** SOURCE MATERIAL **
Start of Block

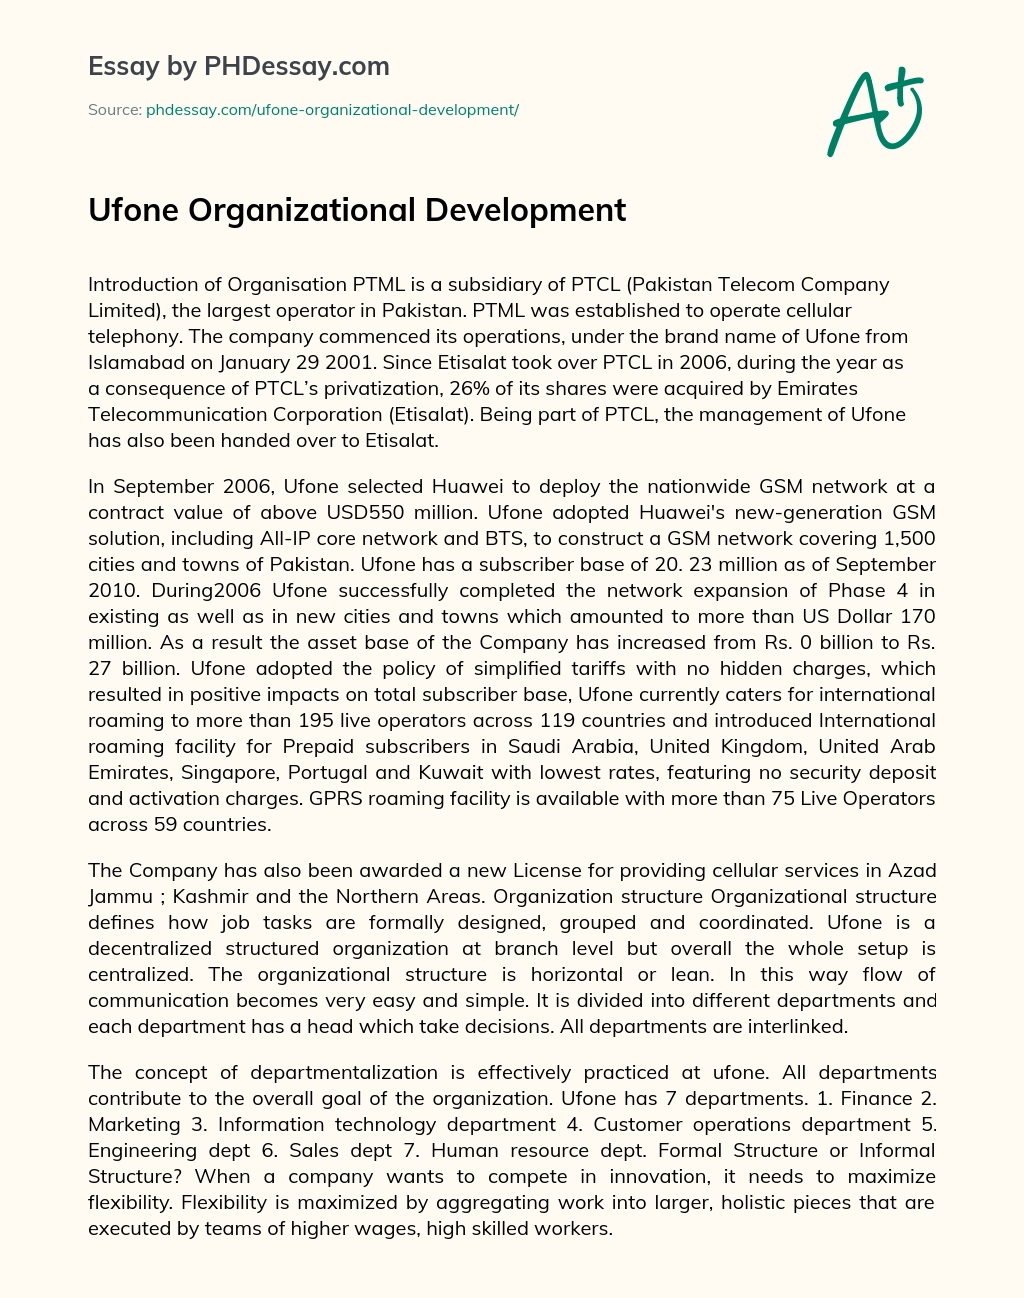 Ufone Organizational Development essay
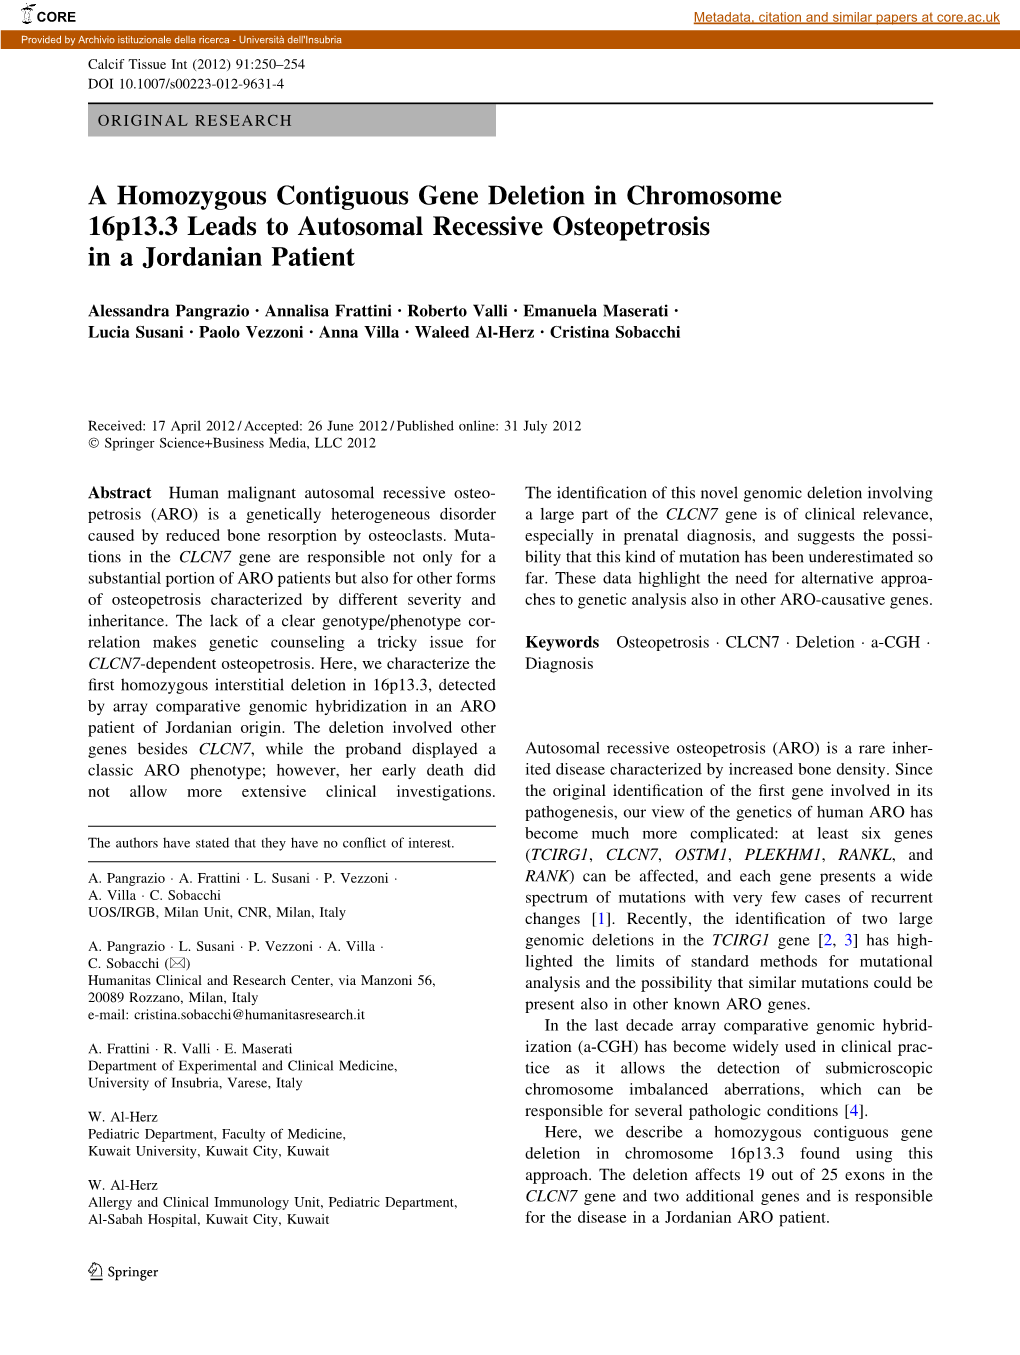 A Homozygous Contiguous Gene Deletion in Chromosome 16P13.3 Leads to Autosomal Recessive Osteopetrosis in a Jordanian Patient
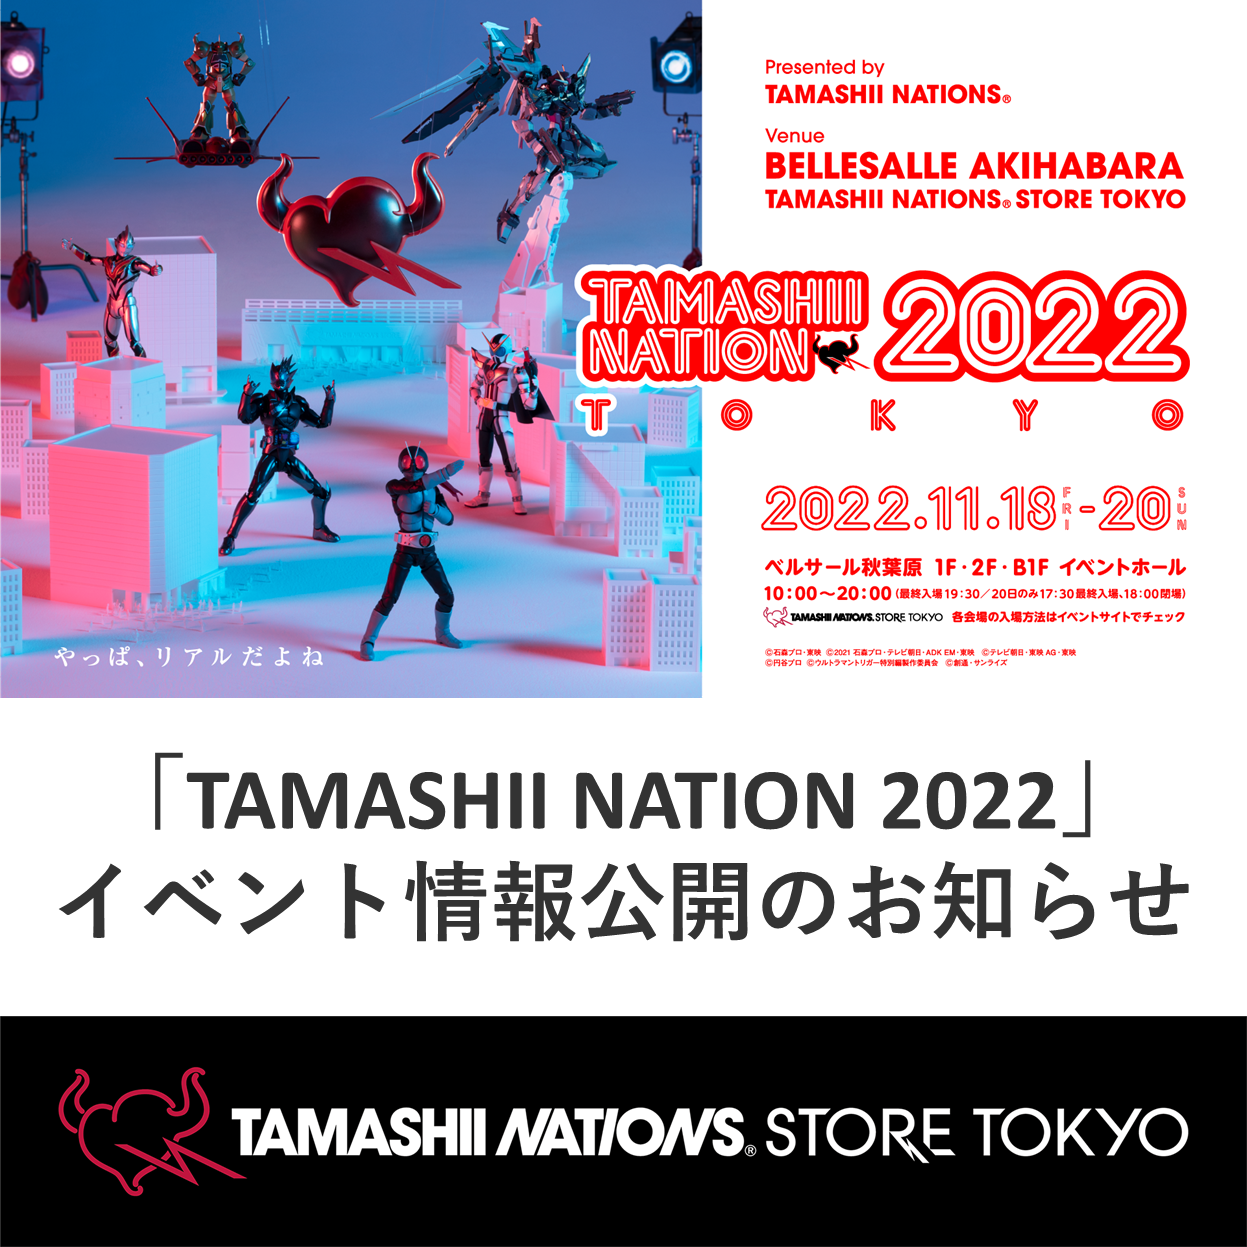 Event [TAMASHII STORE] "TAMASHII NATION 2022" event information release notice!
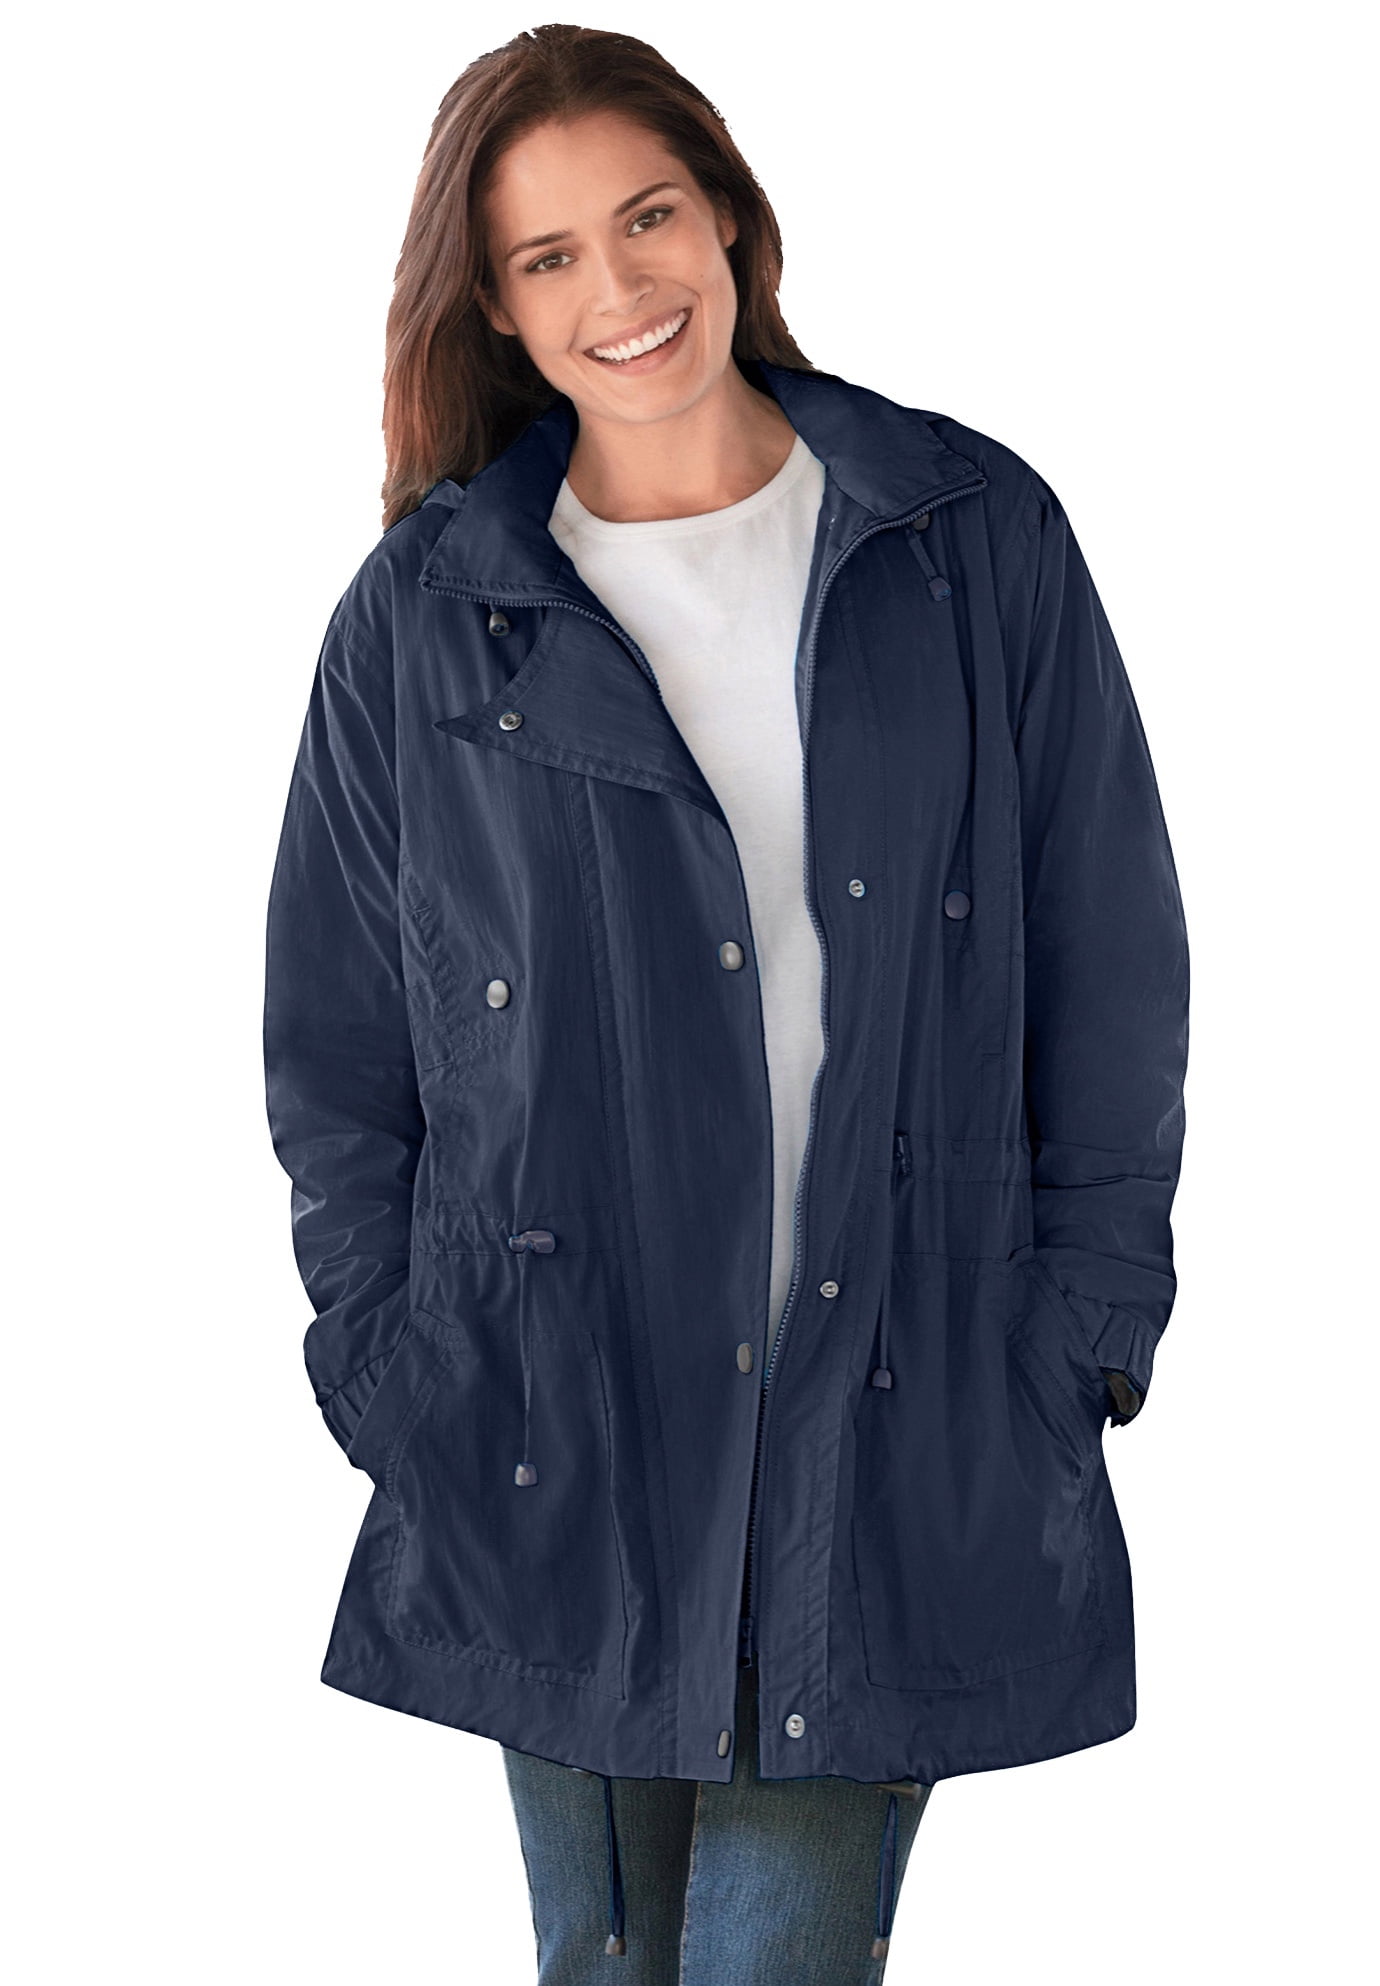 Ontbering bereiden Weglaten Woman Within Women's Plus Size Fleece-Lined Taslon Anorak Rain Jacket -  Walmart.com

End of Block

** WHAT IS NEEDED **
The whole of the data needs to be copied word for word, though not its pictures.

** ANSWER SPACE **
 Ufone Organizational Development essay
 A Homozygous Contiguous Gene Deletion in Chromosome 16P13.3 Leads to Autosomal Recessive Osteopetrosis in a Jordanian Patient
 Event [TAMASHII STORE] "TAMASHII NATION 2022" event information release notice!
 Ontbering bereiden Weglaten Woman Within Women's Plus Size Fleece-Lined Taslon Anorak Rain Jacket -  Walmart.com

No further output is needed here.